A simple solution for this problem is to first check if the string is 'years' and if so change the string to 'days' since timedelta will not except years as an argument. Then multiply the integer by 365 to get the equivalent number of days for the given number of years. Finally, return the duration as the difference of the starter datetime and the timedelta of the string and integer passed to the method as a literal dictionary with the ** prefix operator to unpack the dictionary.

import datetime

starter = datetime.datetime(2015, 10, 21, 16, 29)

def time_machine(integer, string):
    if string == 'years':
        string = 'days'
        integer *= 365
    return starter + datetime.timedelta(**{string: integer})
Jeff Muday
MOD
Jeff Muday
Treehouse Moderator 28,722 Points

This is an interesting challenge-- they want you to create a function that returns a NEW Python datetime type based on a number and a string which represents a unit of time (e.g. minutes, hours, days, years).

You should refer to the documentation on datetime to learn more:

https://docs.python.org/3/library/datetime.html

There are a number of different ways to do this. There are some really compact solutions, but I am trying to keep it simple.

BELOW IS NOT A COMPLETE SOLUTION, BUT A SUGGESTION

def time_machine(x, time_unit):

    if time_unit == "minutes":
        # this is how to compute a time "delta" for minutes
        delta = datetime.timedelta(minutes=x)
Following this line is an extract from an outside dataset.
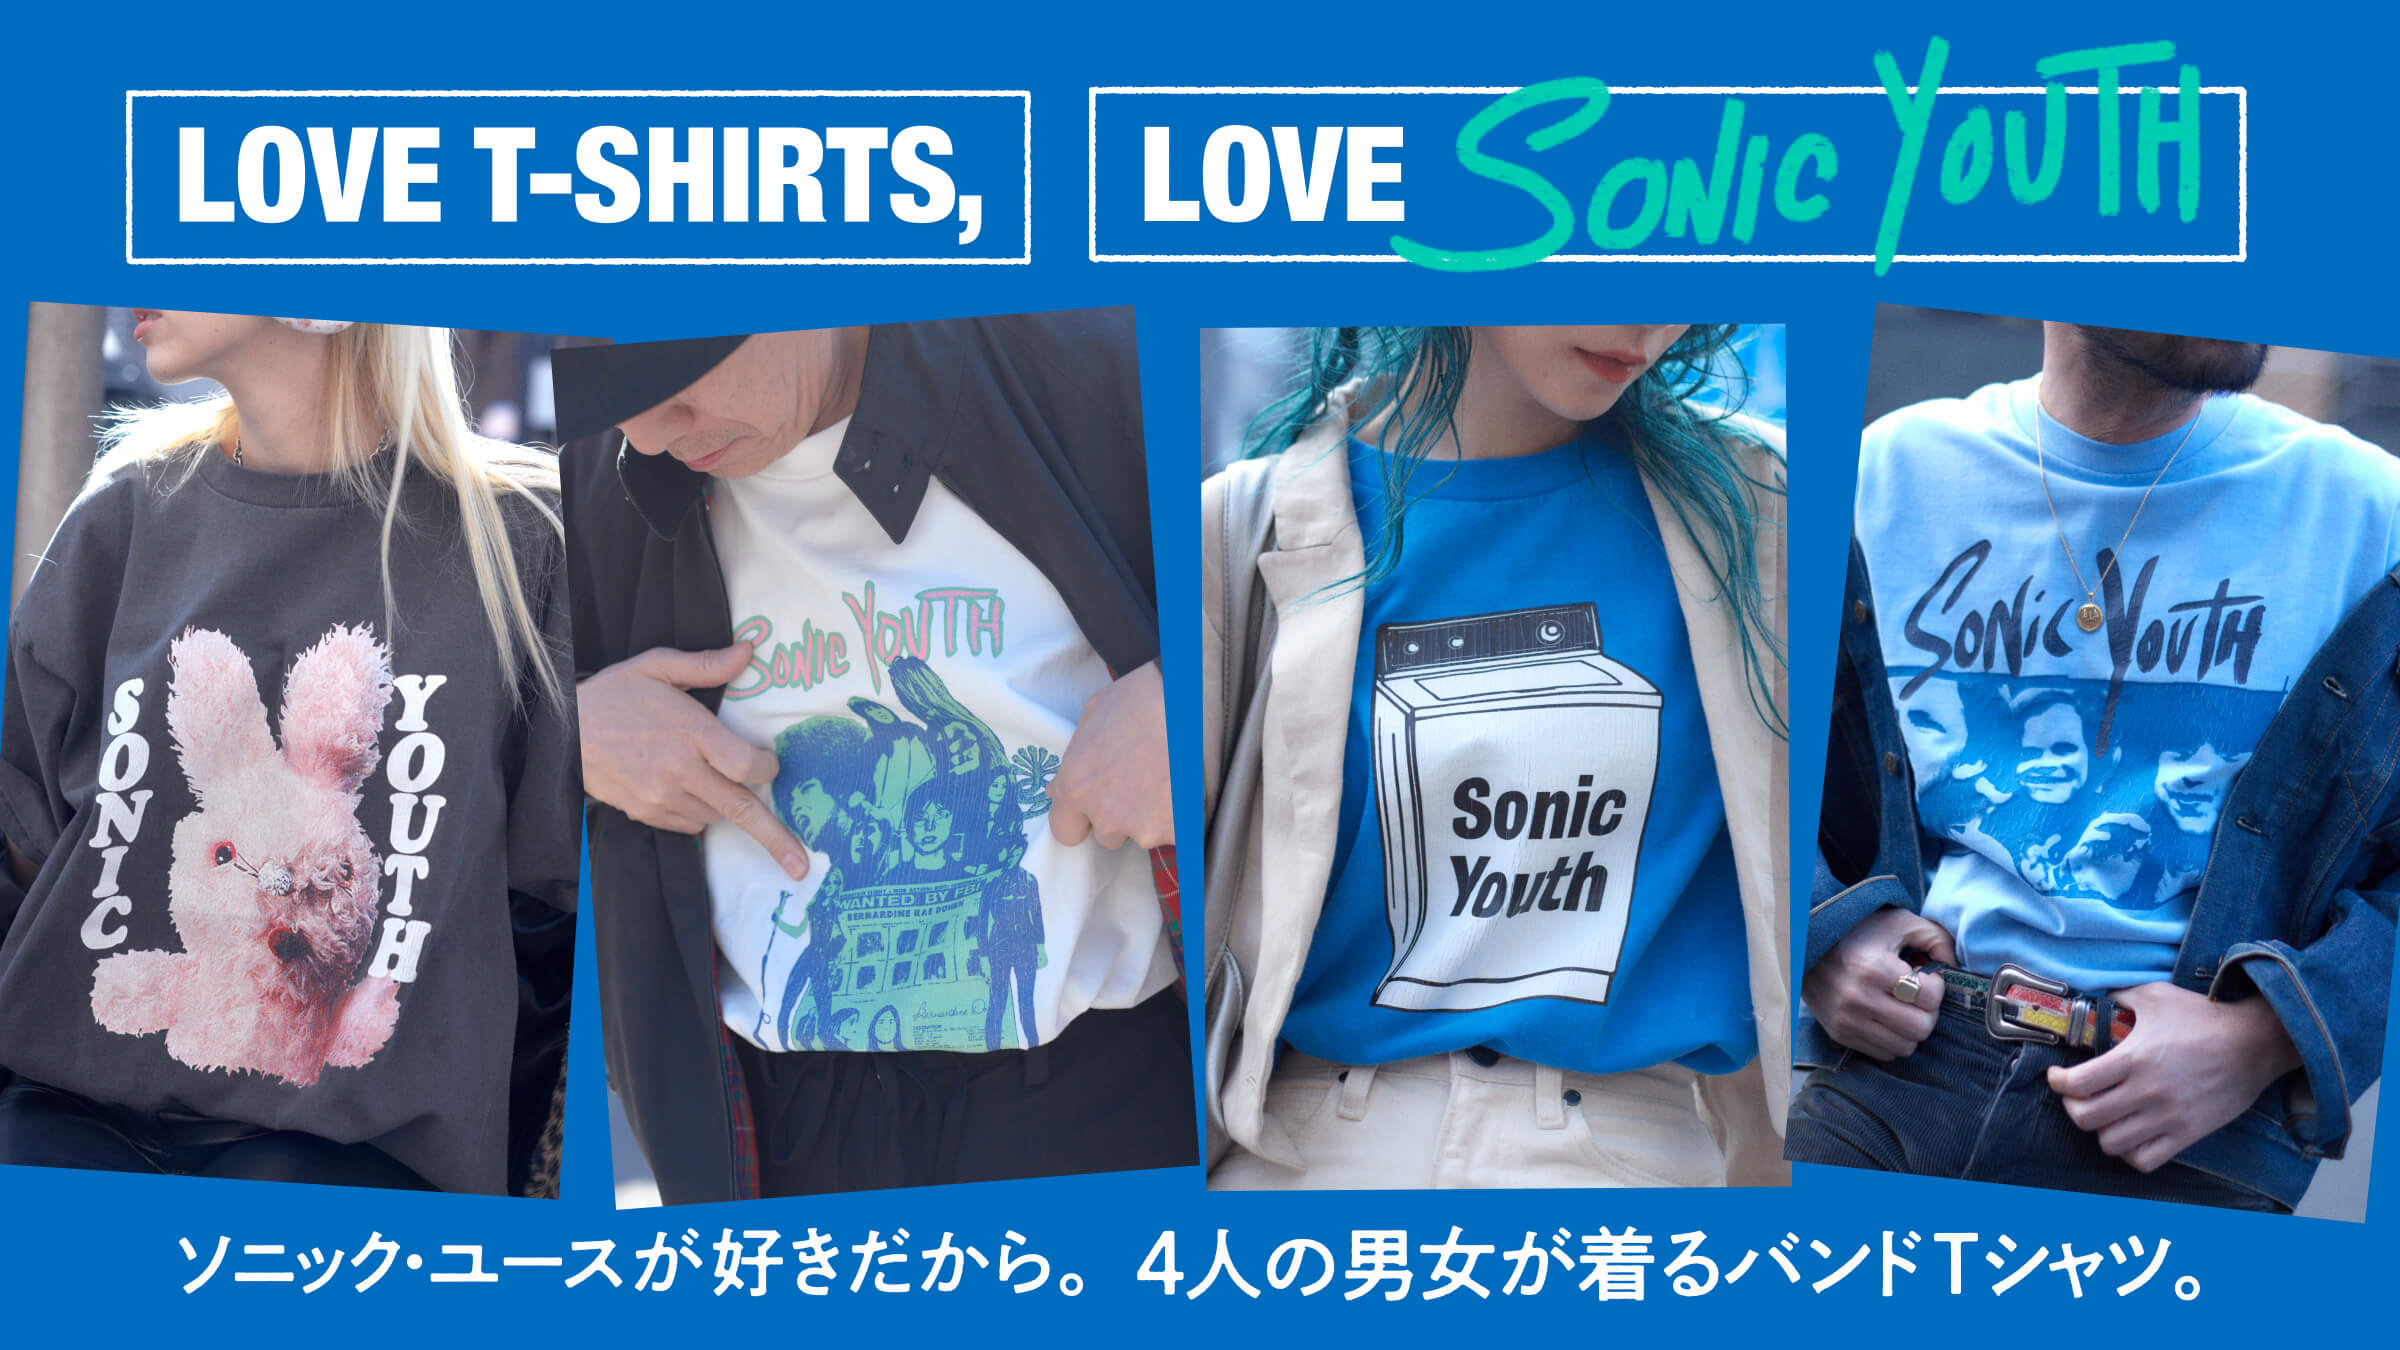 ソニック・ユースが好きだから。4人の男女が着るバンドTシャツ。

    if time_unit == "hours":
        # you fill in the code to make this work
        pass

    if time_unit == "days":
        # you fill in the code to make this work
        pass

    if time_unit == "years":
        # this is the tricky one, since years must be converted to days
        pass

    # return the value of the starting date and a delta
    return starter + delta

Hi Jeff! Thank you for your assistance but for some reason, I am given a syntax error.

import datetime

starter = datetime.datetime(2015, 10, 21, 16, 29

def time_machine(x, time_unit):
# The line above is where the syntax error is

    if time_unit == "minutes":
        # this is how to compute a time "delta" for minutes
        delta = datetime.timedelta(minutes=x)

    if time_unit == "hours":
        hourdelta = datetime.timedelta(hours=x)

    if time_unit == "days":
        daydelta = datetime.timedelta(days=x)

    if time_unit == "years":
        years = days * 365
        yeardelta = datetime.timedelta(years=x)


    # return the value of the starting date and a delta
    return starter + delta                            

# Remember, you can't set "years" on a timedelta!
# Consider a year to be 365 days.

## Example
# time_machine(5, "minutes") => datetime(2015, 10, 21, 16, 34)

I also feel a little lost in the recent challenges. So any guidance would be greatly appreciated.